For each exon, this file contains:
1. transcript_name, the name of the transcript
2. exon_id, the id of the exon
3. exon_rank, the rank of the exon inside the transcript (1 for the first exon, 2 for the second exon, etc.)
4. exon_chrom_start, the genomic coordinate corresponding to the start of the exon
5. exon_chrom_end, the genomic coordinate corresponding to the end of the exon
The incipit of the file
```
transcript_name,exon_id,exon_rank,exon_chrom_start,exon_chrom_end
ARF5-001,ENSE00001872691,1,127588345,127588565
ARF5-001,ENSE00003494180,2,127589083,127589163
ARF5-001,ENSE00003504066,3,127589485,127589594
ARF5-001,ENSE00003678978,4,127590066,127590137
ARF5-001,ENSE00003676786,5,127590963,127591088
...
```
Based on this file, write a program that:
1. computes the minimum, maximum, average and median length of human exons
2. given the name of a transcript, returns an ordered list of its exons, plus the corresponding length
Load the gene-expression timeseries from:

https://drive.google.com/open?id=0B0wILN942aEVY2JuaDc4VkkyUkU

Then:
1. How many genes are there? How many time steps?
2. Are there any measurements not assigned to a gene? If there are, fill in the missing gene names by using the genes appearing above the missing entries. (Take a look at the missing data handling section above.)
3. Plot the expression of gene "ZFX" using a line plot.
4. Plot the mean and variance of the expression of all genes using a line plot.
5. Find out which genes are more expressed at time 0, 30m, 3h, 6h, and 12h.
6. Find out, for each gene, which other gene is the other most correlated.
7. Draw the matrix of pairwise gene correlations using plt.imshow().
Write a Python function that mimics the semantics of merge(): it takes two dataframes, matches the row labels, and concatenates the matching rows.
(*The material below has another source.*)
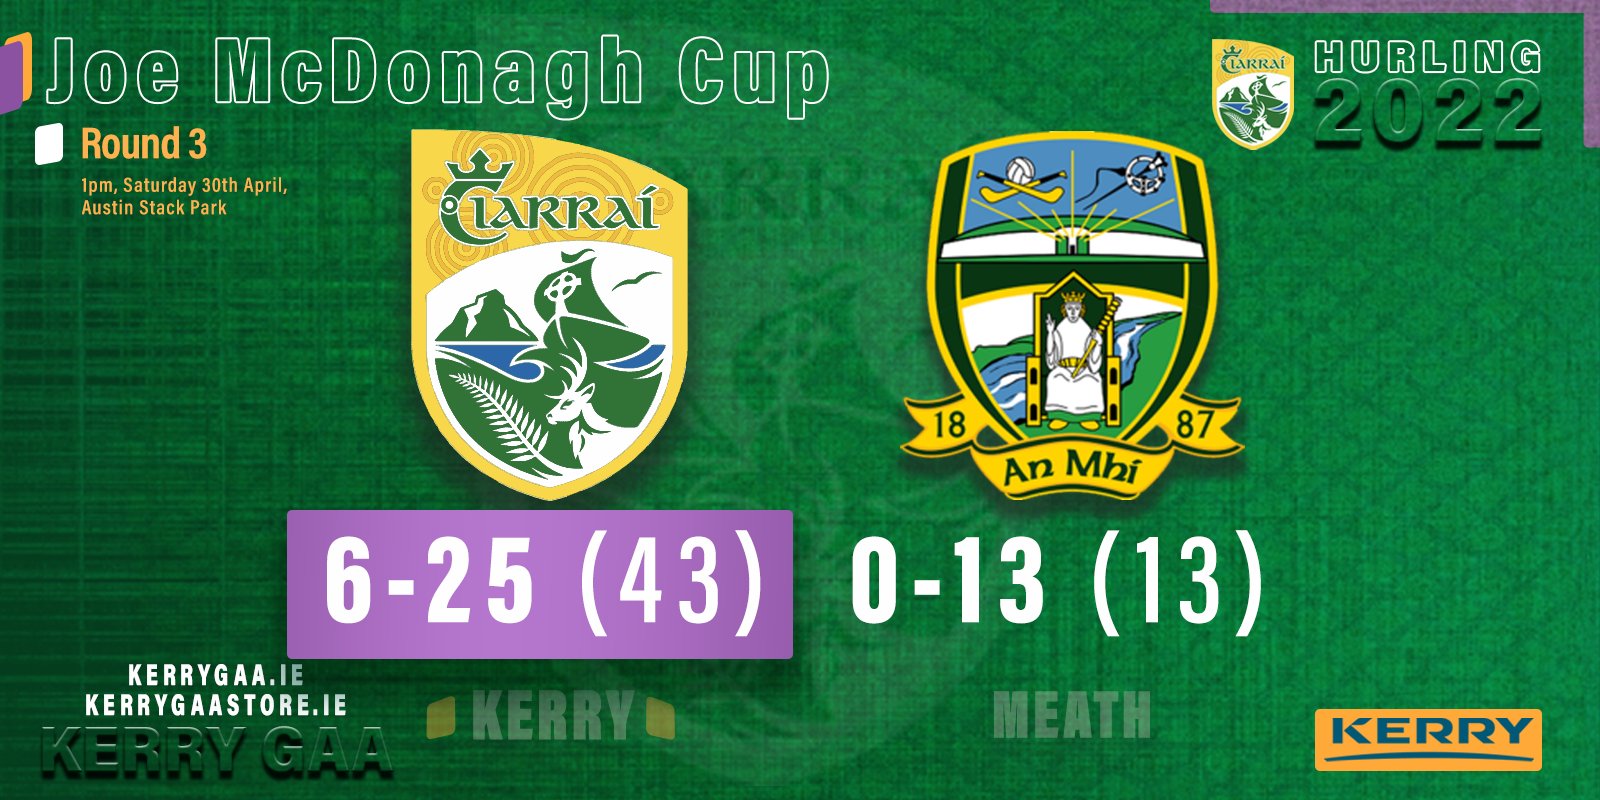 Kerry cruise to victory in Joe McDonagh Cup

The result should be a list of lists (or, optionally, a DataFrame).

It should follow merge()‘s how="inner" semantics, i.e. drop all rows that can not be matched.
Hint

Use the iterrows() method to iterate over the rows of a DataFrame.

Example:
```
for row in df.iterrows():
    # do something with the row (it is a series!)
```
Same as above, but for the how="outer" semantics.